Freitag Abend trat das Satiriker-/Kabarett-Duo Stermann & Grissemann im Festsaal Kreuzberg auf. Bekannt sind die beiden vor allem für eine Reihe von Sketchen, in denen sie in Volksempfänger-Stimmlage Nazi-Witze machen, z.B. über Cordoba, Kochen oder, siehe oben, Call-TV.
Da heißt es dann: “Wir müssen diese Nuss rommeln”, “Jawohl, mein Rührer!” oder “Wollt ihr das totale Sieb?”. Letzteres ist auch der Titel der DVD zum Live-Programm, die Ästhetik der Plakate erinnert (zumindest mich) an Frau Riefenstahl.
Live nehmen die Nazi-Witze allerdings nur einen kleinen Teil des Programms ein. Zumindest vorgestern bestand die erste Hälfte des Auftritts aus einem Prolog, in dem S. & G. in andere Rollen schlüpften und ihre Hauptfiguren für später “ankündigten”, um dann öfters aus den Rollen zu fallen und sich zum Schein über die Qualität ihres Spiels zu streiten. Der Großteil des Publikums fand das super, man könnte es auch als etwas langatmig bezeichnen.

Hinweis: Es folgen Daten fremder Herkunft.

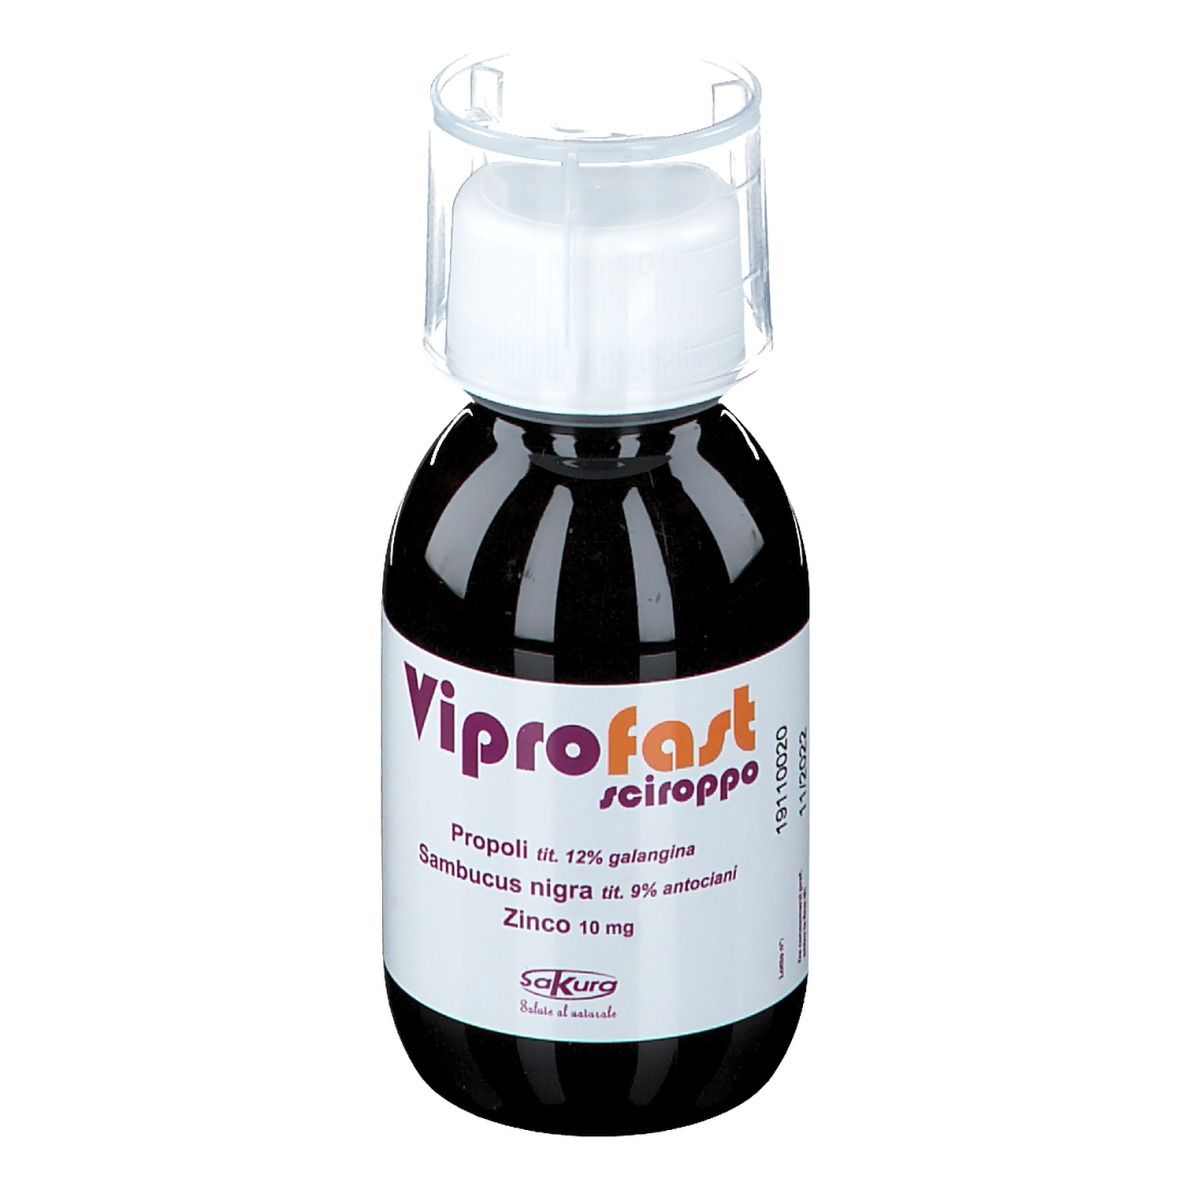 Image of Viprofast Sciroppo

Spannend wurde es nach der Pause. Die Stars betraten die Bühne in ihren von Youtube bekannten “Altnazi”-Outfits. Einer strich sich den Seitenscheitel zurecht, der andere spuckte sich auf den eigenen (bereits bekleckerten) Pullunder -- ich weiß nicht, warum. Dann rief im Publikum jemand “Sieg H...”. Wegen des scheinbaren Erbrechens von G. war lautes Gelächter im Saal, niemand hörte genau hin. Der Mann im Publikum wiederholte seinen Ruf.
Diesmal hatten es alle gehört.
Als Grissemann nun sagte, er habe keine Lust mehr zu spielen, dachte ich erst, das ist gerechtfertigte Empörung. Der Zwischenrufer, dem Aussehen nach kein Rechtsextremer, werde sich für seinen geschmacklosen Ruf entschuldigen, die Show dann weitergehen. Auch Kabarettist S. sah das so und wollte seinen Kompagnon überreden. Der aber blieb stur und ließ die Requisiten abräumen.
Es folgten noch 20 Minuten Lesung aus dem aktuellen Buch der beiden, dann gab es Applaus, dann explizit keine Zugabe und der Auftritt ging unter unbehaglichem Schweigen zu Ende (“Und jetzt gehen Sie im Gänsemarsch nach vorn und kaufen!”). Auf Nachfrage sagte G. noch auf der Bühne, das Zwischenrufer-“Schwein” möge “verrecken”, solch Verhalten sei unentschuldbar. Das Publikum allgemein sei aber total nett.
Ehrlich gesagt bin ich immer noch ratlos, was für einen Schluss ich aus diesem Abend ziehen möchte. Man kann Grissemanns Reaktion konsequent nennen. Oder übertrieben und heuchlerisch angesichts einer Show, die sowieso auf Geschmacklosigkeiten und Provokation setzt. Ich habe mich sofort gefragt, wie wohl Serdar Somuncu reagiert hätte: Vermutlich irgendwie souveräner. Er ist, ehrlich gesagt, auch lustiger.
Nachtrag: “Drei Nazi-Witze und ein Zwischenruf” wäre eigentlich die viel schönere Überschrift gewesen. Verflucht!